Punk Pod

“Punk rock really needs about 10 episodes to do it justice, but we’ll try and tackle [it] anyway. Learn all about this movement right now. “

This is where I learned about Los Saicos. It was fun for an imbecile like me – curious to see what the more refined punko snobs think.

6 Replies to “Punk Pod”

    1. Solid podcast by the way. Chuck Bryant has a movie podcast, too. Movie Crush is definitely worth a listen, but it’s front-loaded with a lot of filler. Eventually they talk about the movie.

      Oh, and Richard Hell was the bass player in Television, not the guitarist.

  1. Informative podcast, especially when it came to 80’s punk and beyond, about which I don’t know much. I’m pretty much the old guy in the bar they talked about, the one saying it was all over by ’79. For me, punk was successfully ultilized later by more poppy bands (like the Replacements), but as a genre in itself was pushed to the limit very early.

    The podcasters were a little shakier when talking about early punk and proto-punk. Makerbot pointed out the Richard Hell error. I found that error funny, because RH, as bassist for Television, was in over his head musically with guitarists like Richard Lloyd and Tom Verlaine. I’m not knocking him, just pointing out that he was far more a lyricist and performance artist than a musician.

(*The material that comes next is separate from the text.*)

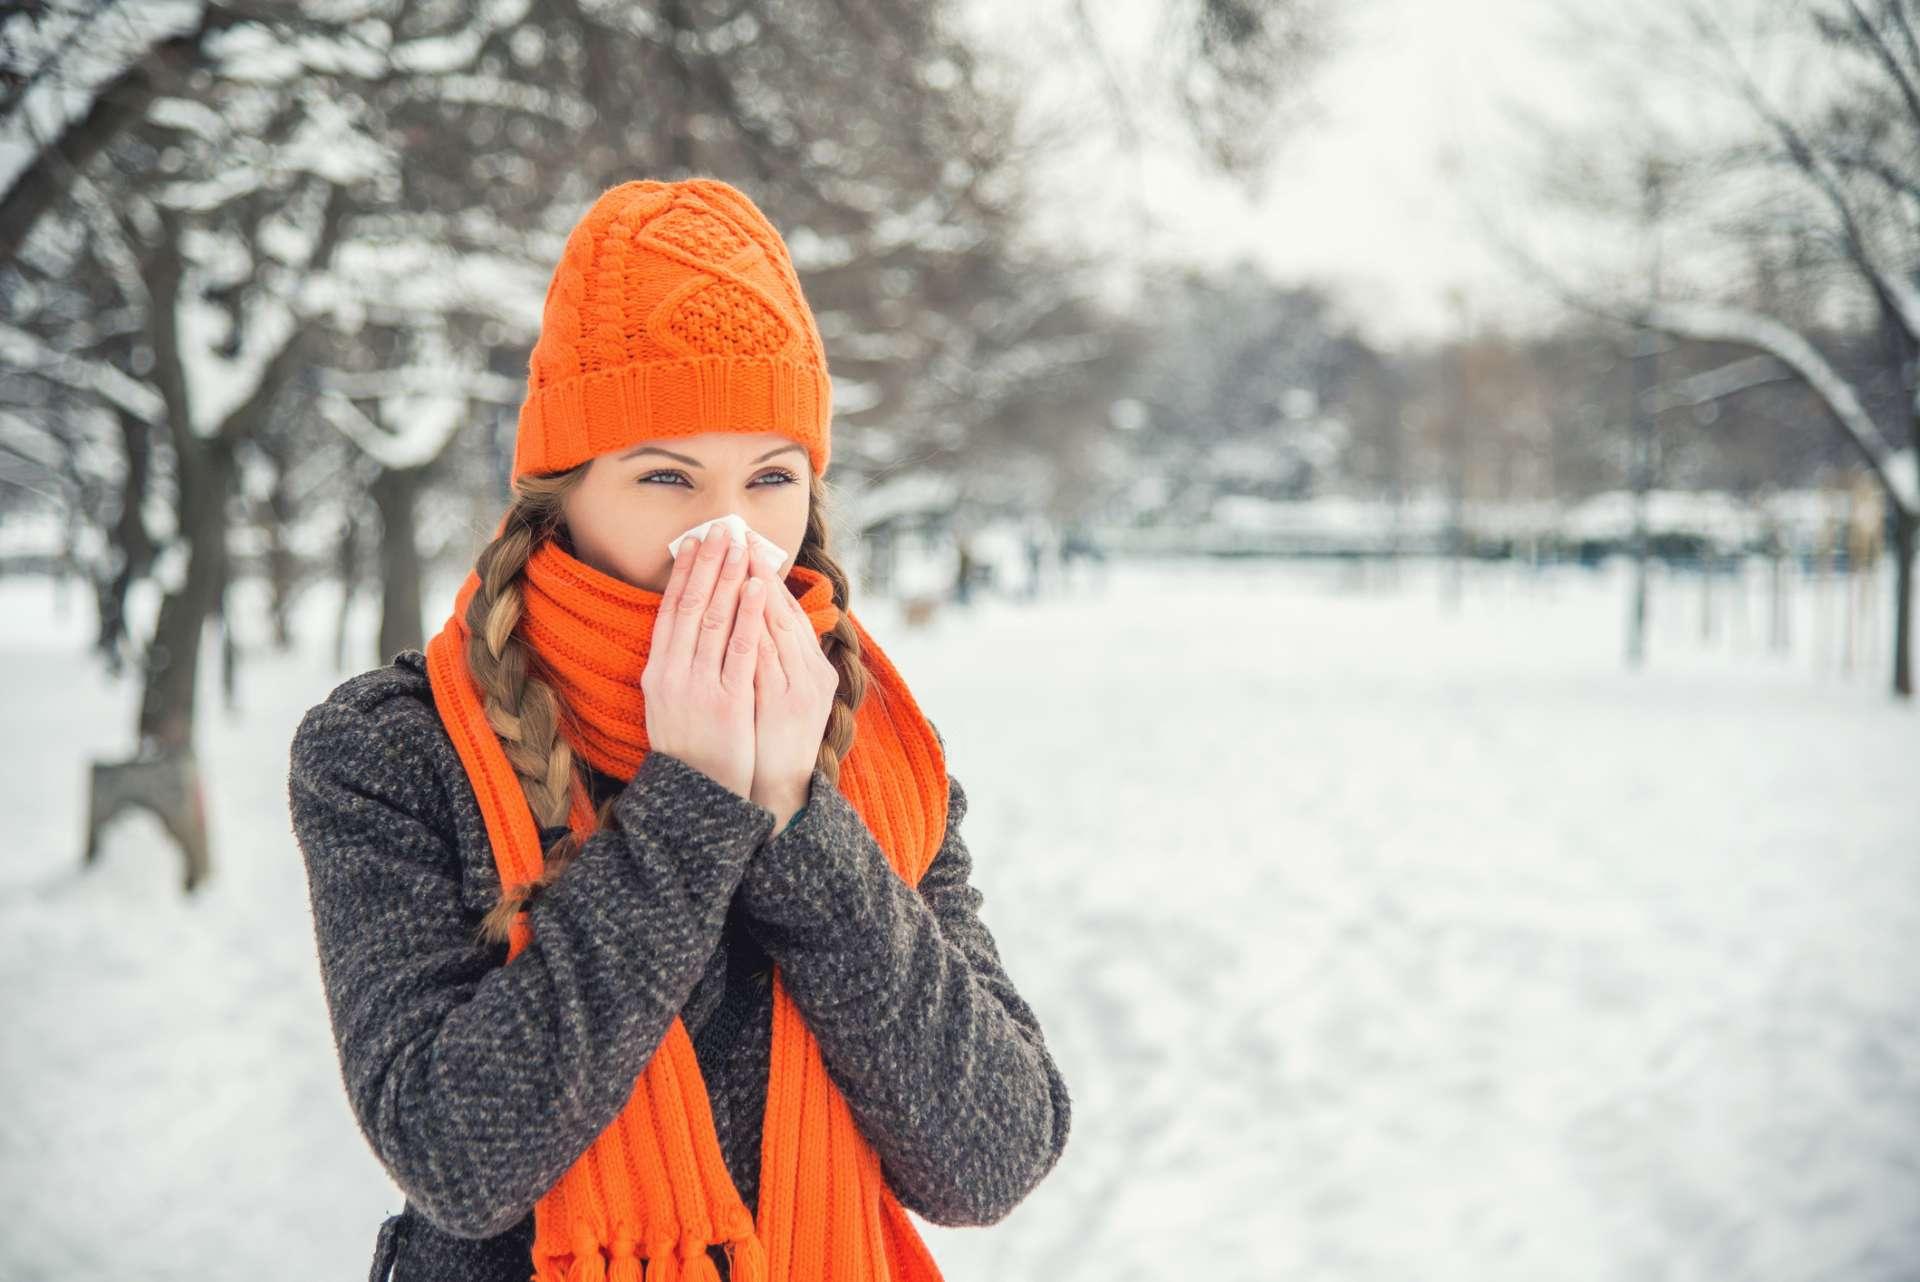 A young woman with braided long blond hair is outdoors in a park during the winter. There is snow and trees in the background. She is wearing winter clothes, an orange hat and scarf, and is blowing her nose with a handkerchief / hanky / tissue. She is looking away from the camera. With copy space.

    Also, at one point I think they said that the Velvet Underground was not proto-punk, which is wrong. Even if you define proto-punk as down-strumming (as do the podcasters), you can hear that in several VU songs (“I’m Waiting For My Man,” “Sister Ray”). Interestingly, you can also hear it in “Communication Breakdown,” but not many people would call Led Zeppelin proto-punk, although early Zep had an aggression that was repugnant to many hippies at the time.

    The problem here is that it’s hard to define proto-punk in purely musical terms. It was more a matter of attitude and aggressive playing (which can be done without down-strumming every chord). Where the hippie ethos was “let’s noodle on our guitars and bliss-out communally,” proto-punk bands were more “we’re here to play loud–if you like it, great, if not, fuck off.” Some bands (again, like early Zeppelin) had both hippie and sorta proto-punk modes.

    I don’t remember if the podcasters said this, but it’s often said that punk killed off the hippie ethos. That’s an over-simplification. The assault began in the late 60’s with proto-punk and continued in the early 70’s with glam and early metal. Also in the late 60’s, a more unintentional reaction began with aggressive blues-rock. Many of those bands had exhausted themselves by the mid-70’s, so punk came along to finish the job. Except it didn’t work. Musical hippedom never fully died, or we wouldn’t have jam bands.

    Sorry for length of that. Avoiding real work this a.m., and that kind of discussion always pulls my string.